PROBLEM STATEMENT:
Set the data down exactly as it stands, and keep its pictures out.

COLLECTED DATA:
[Start of Attachment]
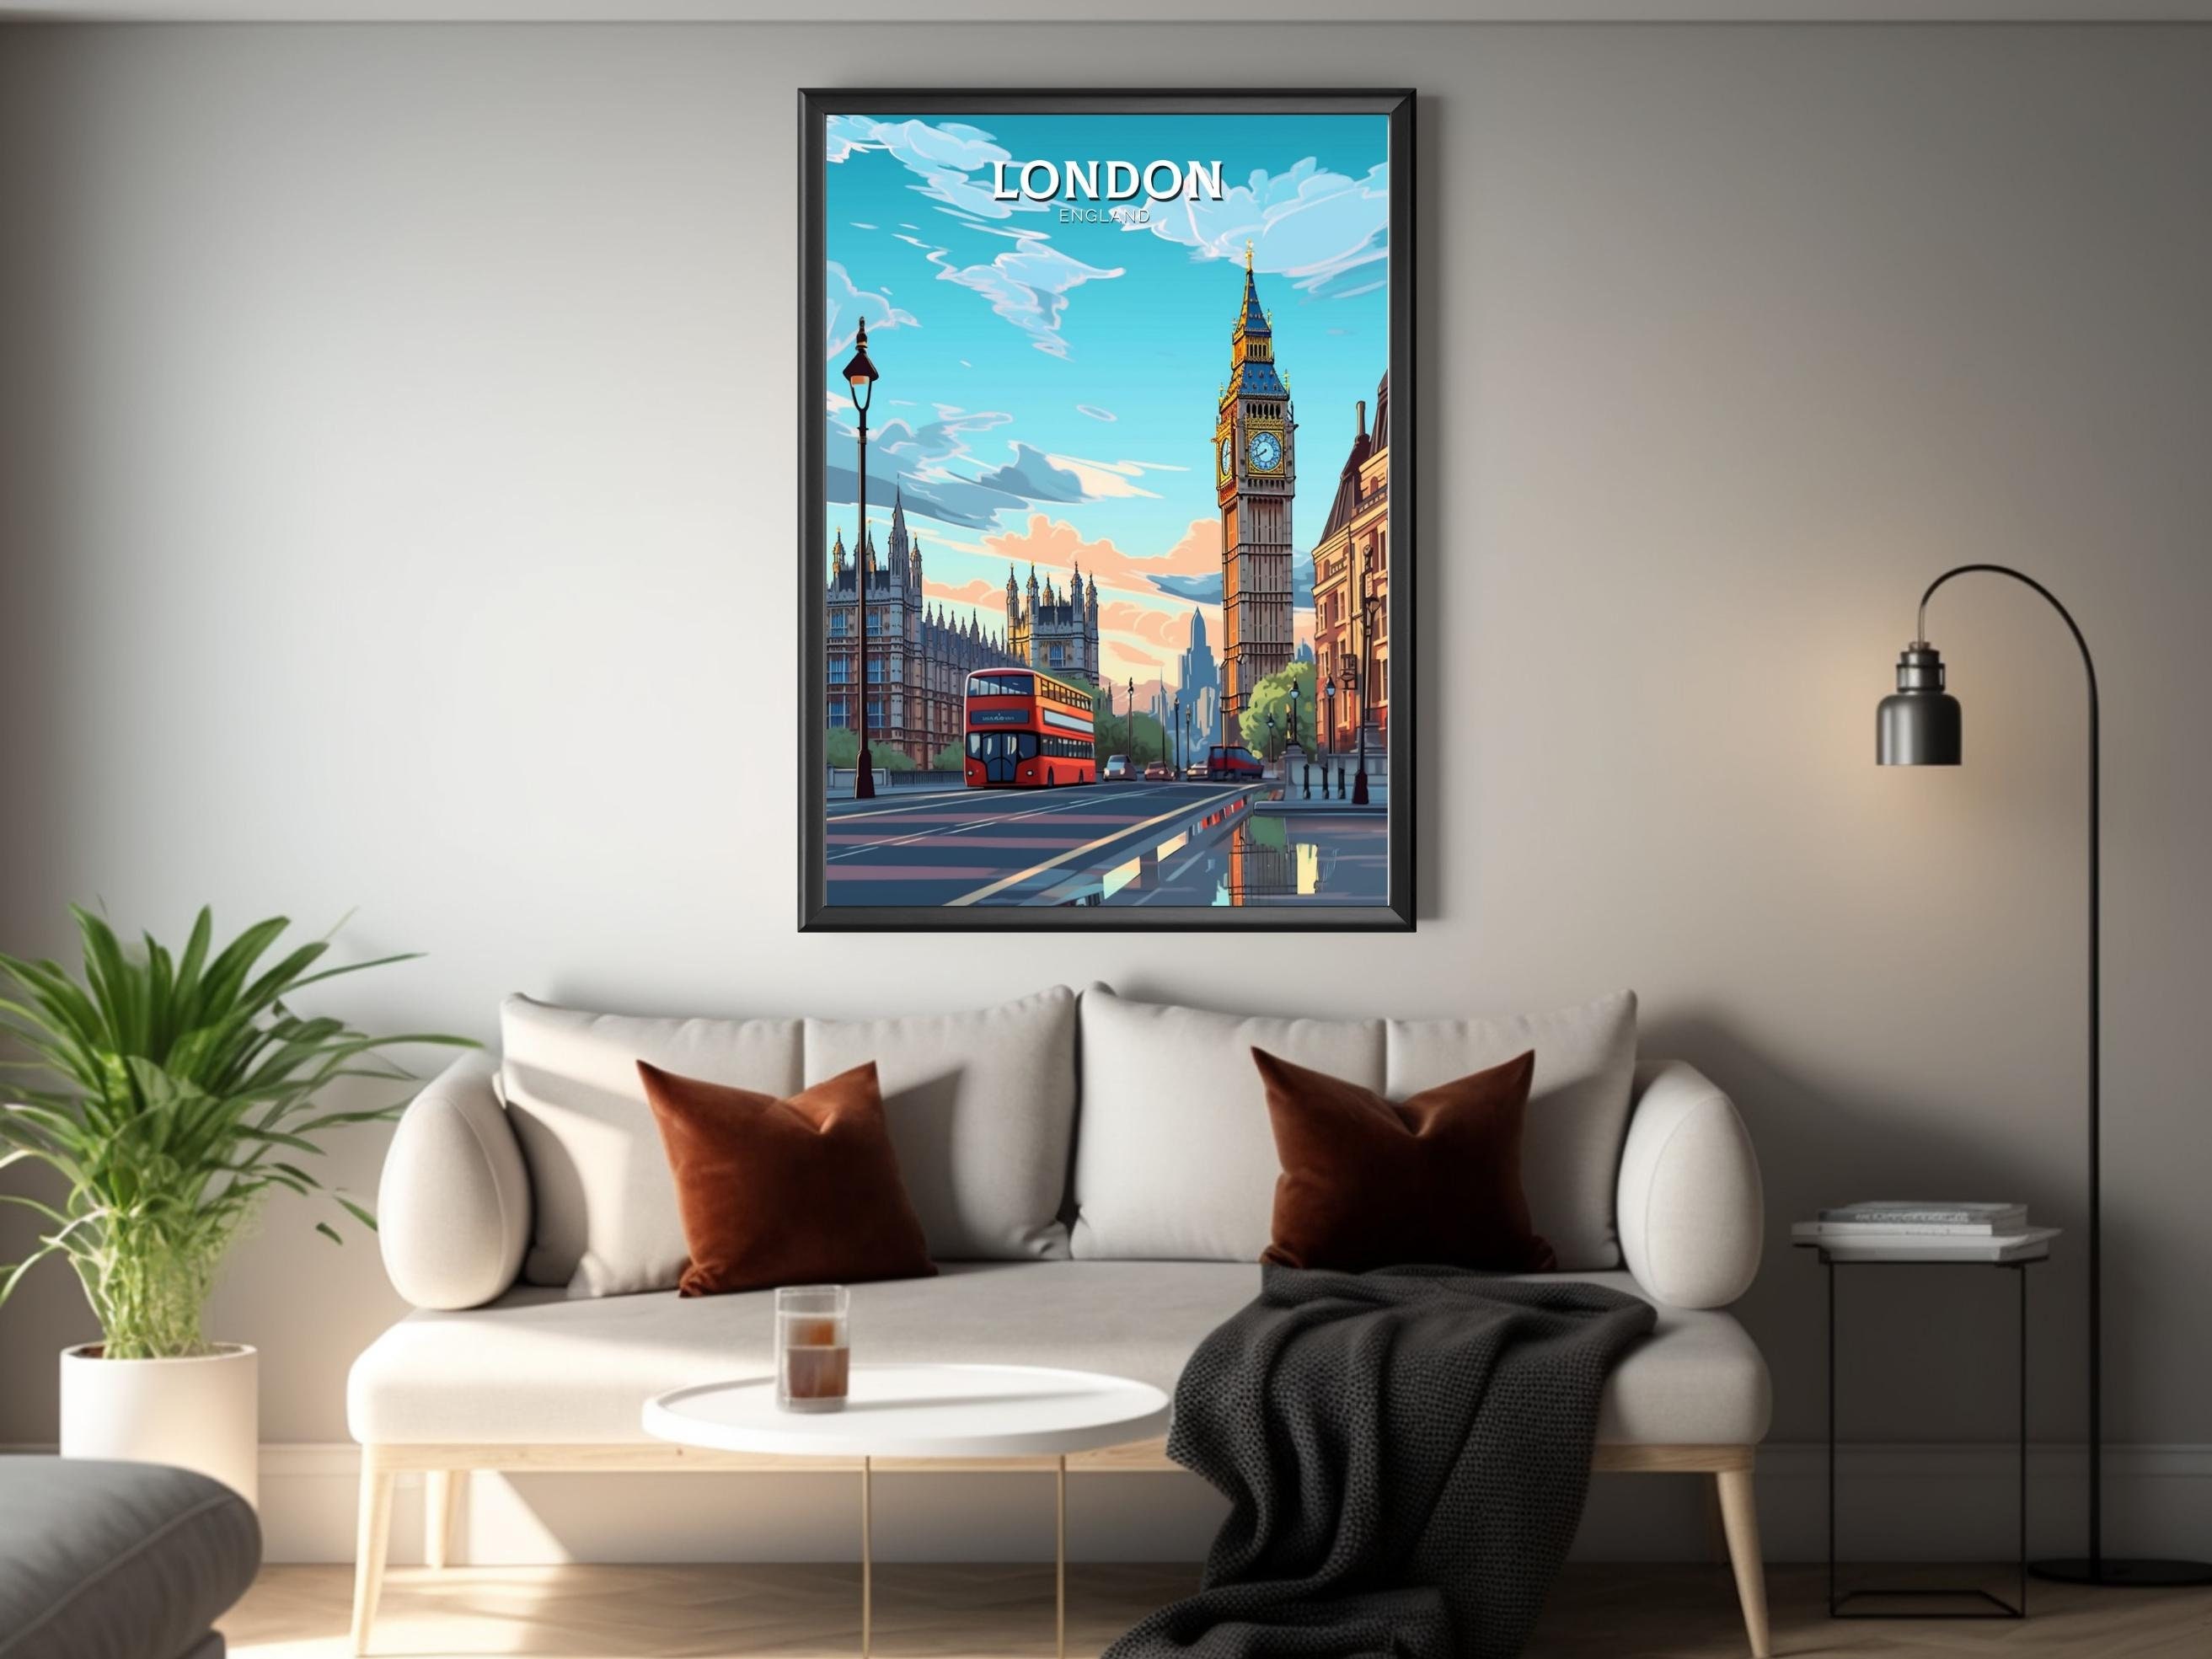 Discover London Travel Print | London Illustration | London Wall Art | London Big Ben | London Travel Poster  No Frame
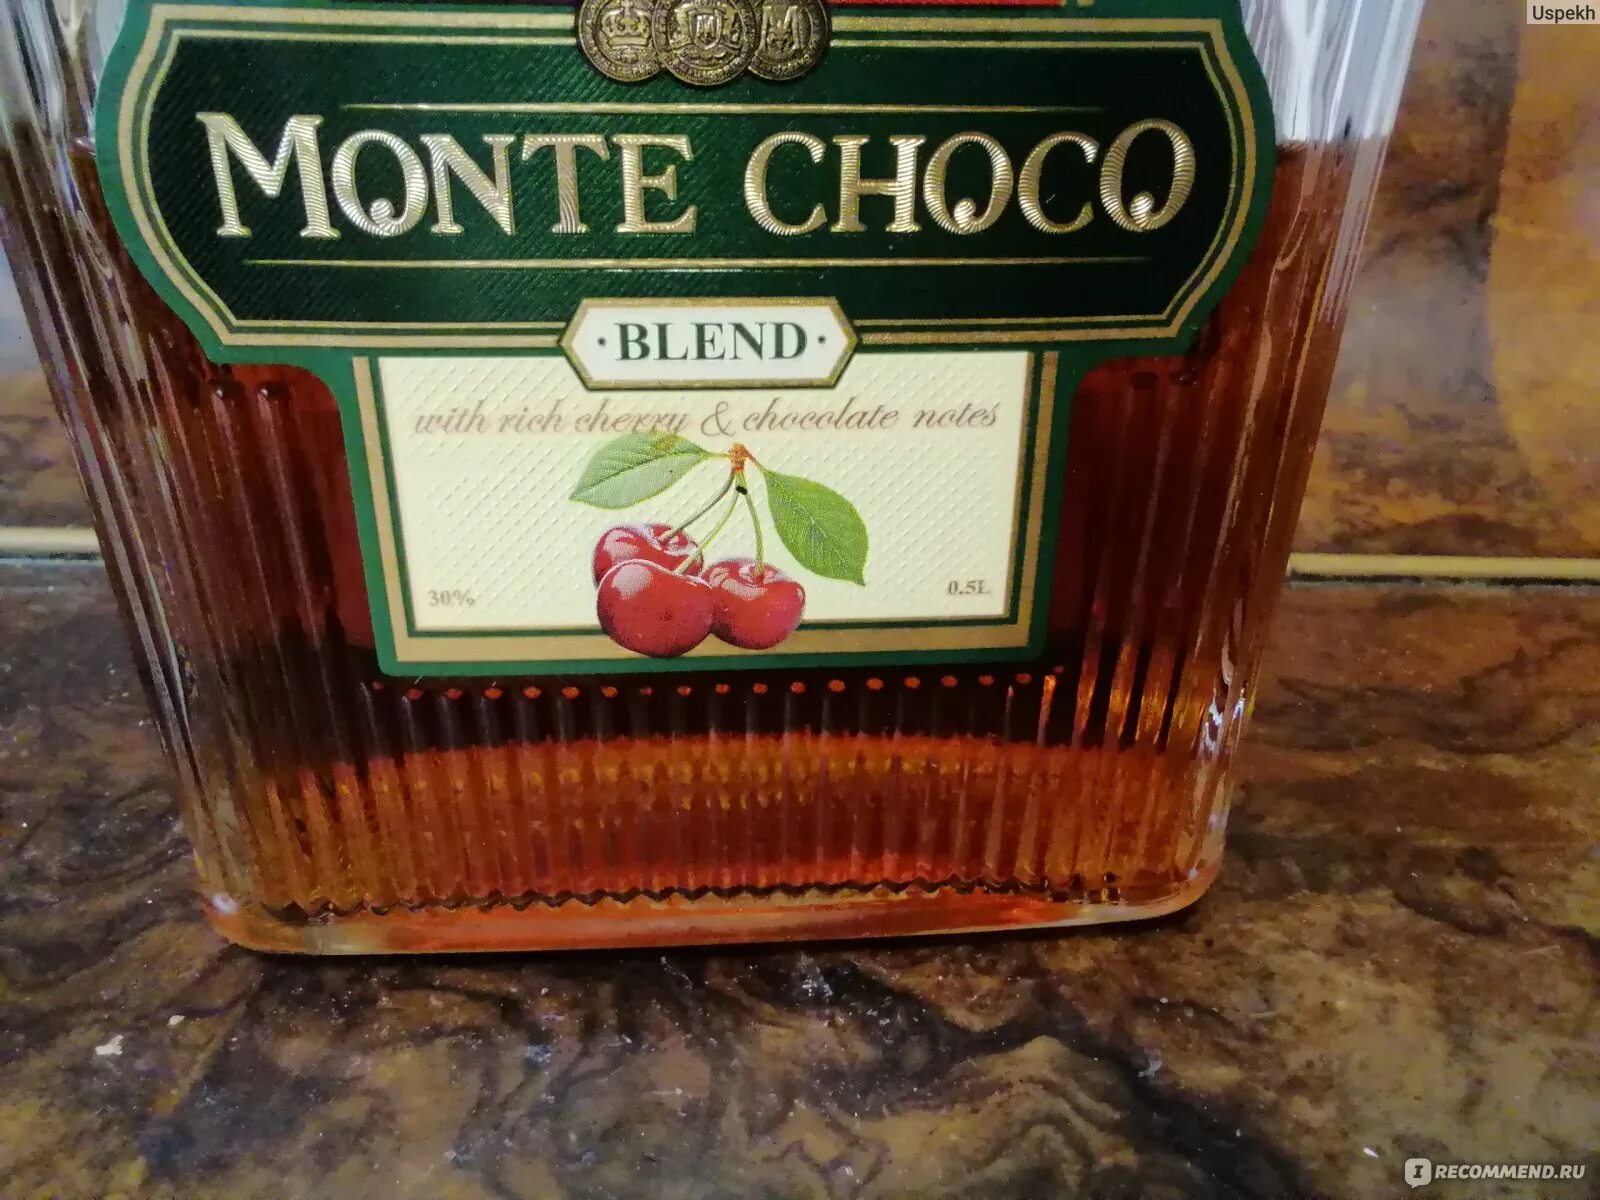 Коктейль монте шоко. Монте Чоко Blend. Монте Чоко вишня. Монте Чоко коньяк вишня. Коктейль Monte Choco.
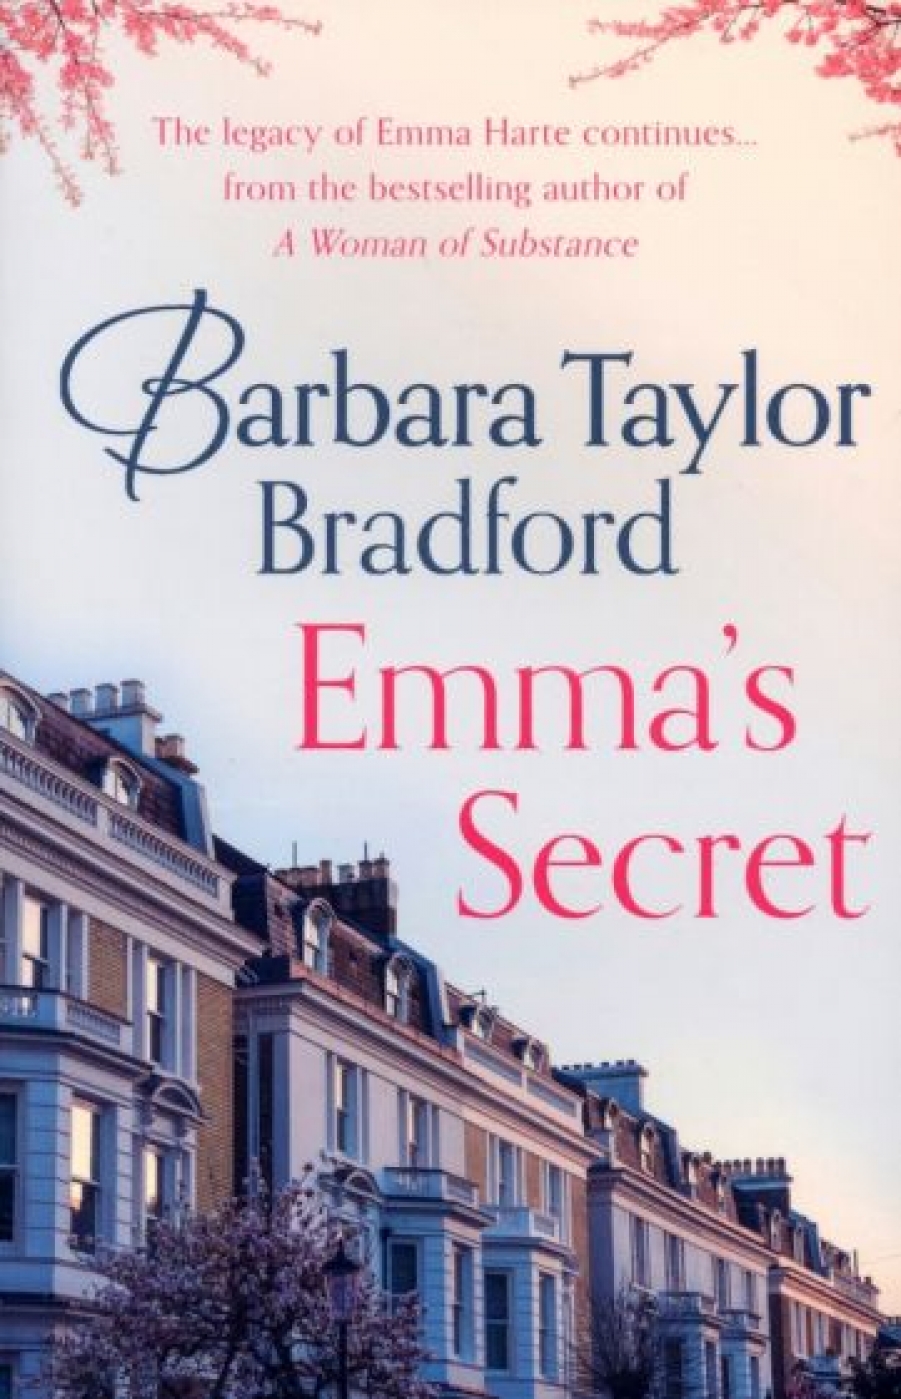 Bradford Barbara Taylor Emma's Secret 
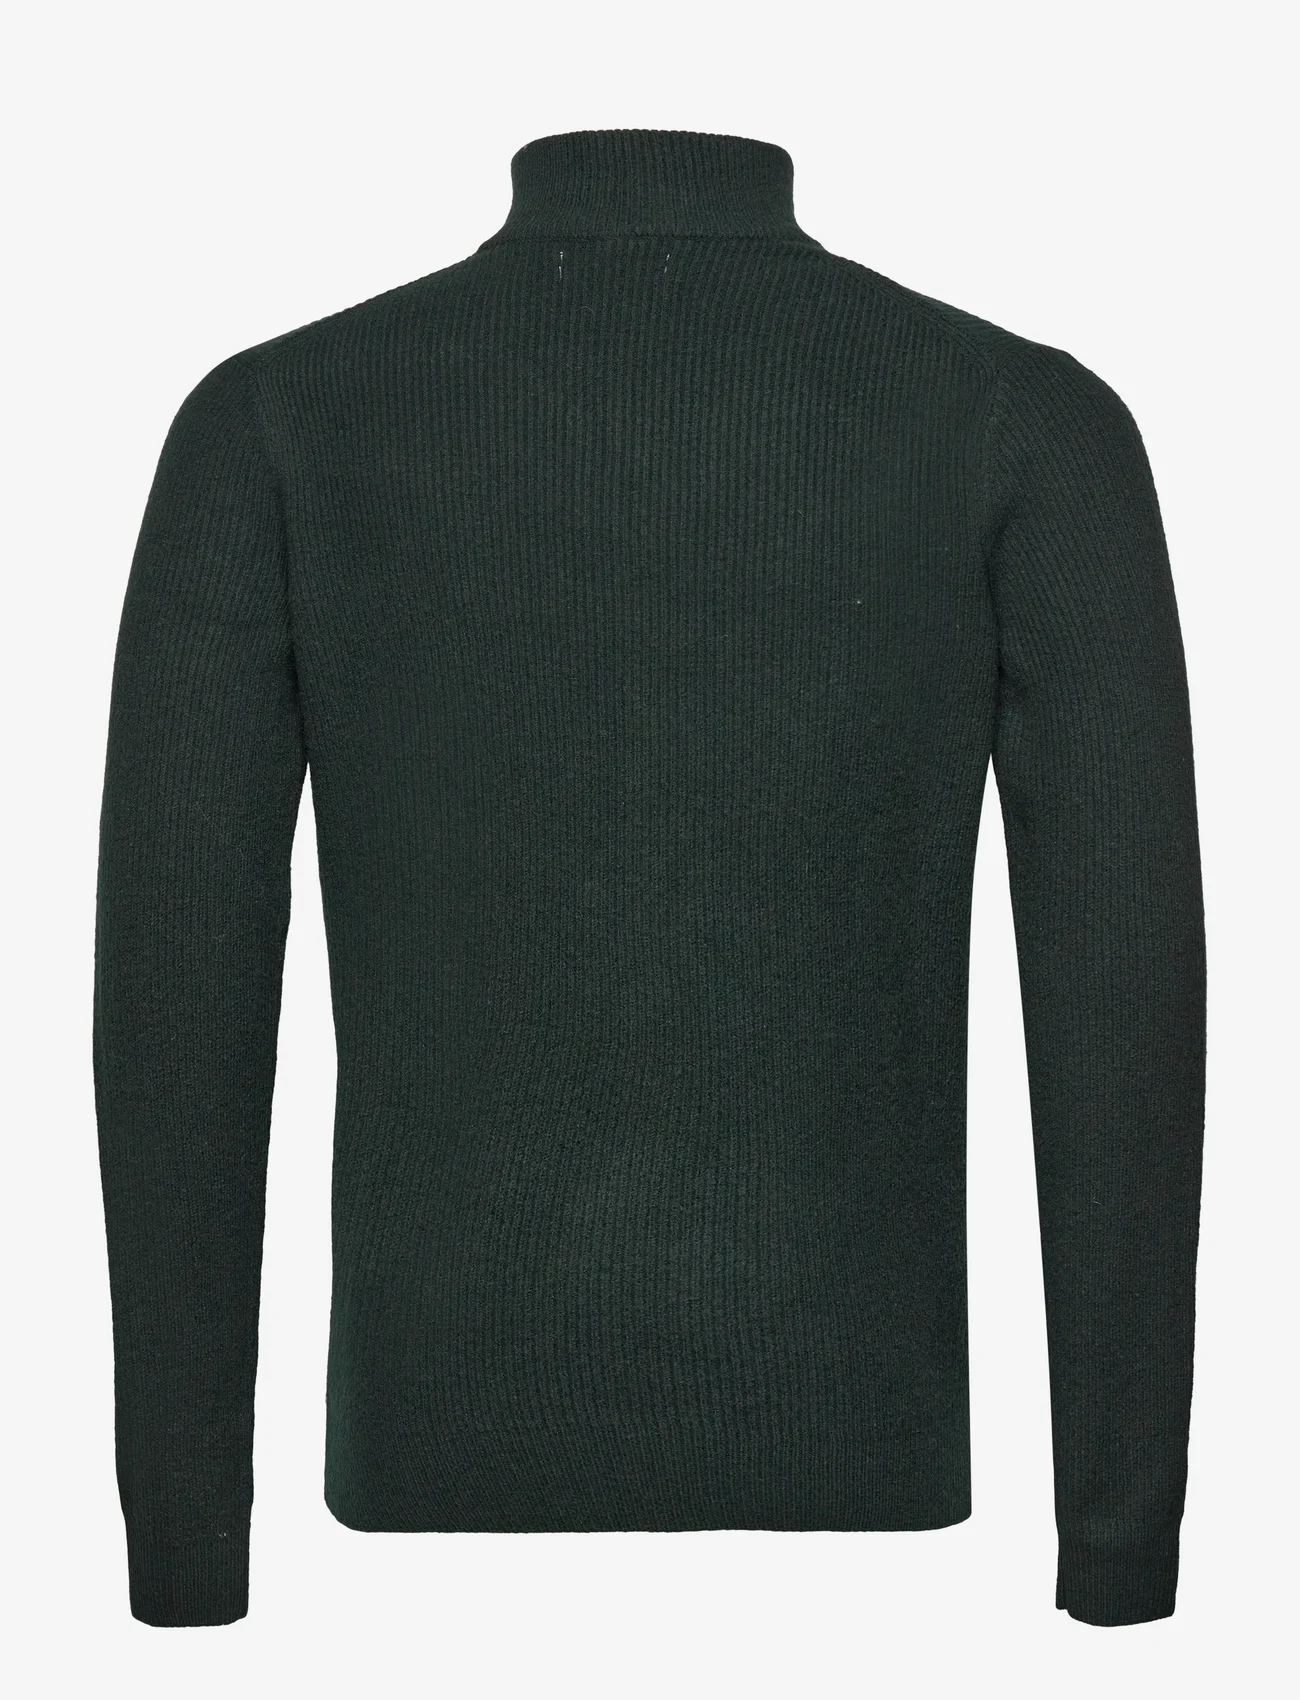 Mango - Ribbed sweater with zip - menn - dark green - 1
[End of Attachment]
ANSWER SECTION:
 Discover London Travel Print | London Illustration | London Wall Art | London Big Ben | London Travel Poster  No Frame
 Коктейль монте шоко. Монте Чоко Blend. Монте Чоко вишня. Монте Чоко коньяк вишня. Коктейль Monte Choco.
 Bradford Barbara Taylor Emma's Secret 
 Mango - Ribbed sweater with zip - menn - dark green - 1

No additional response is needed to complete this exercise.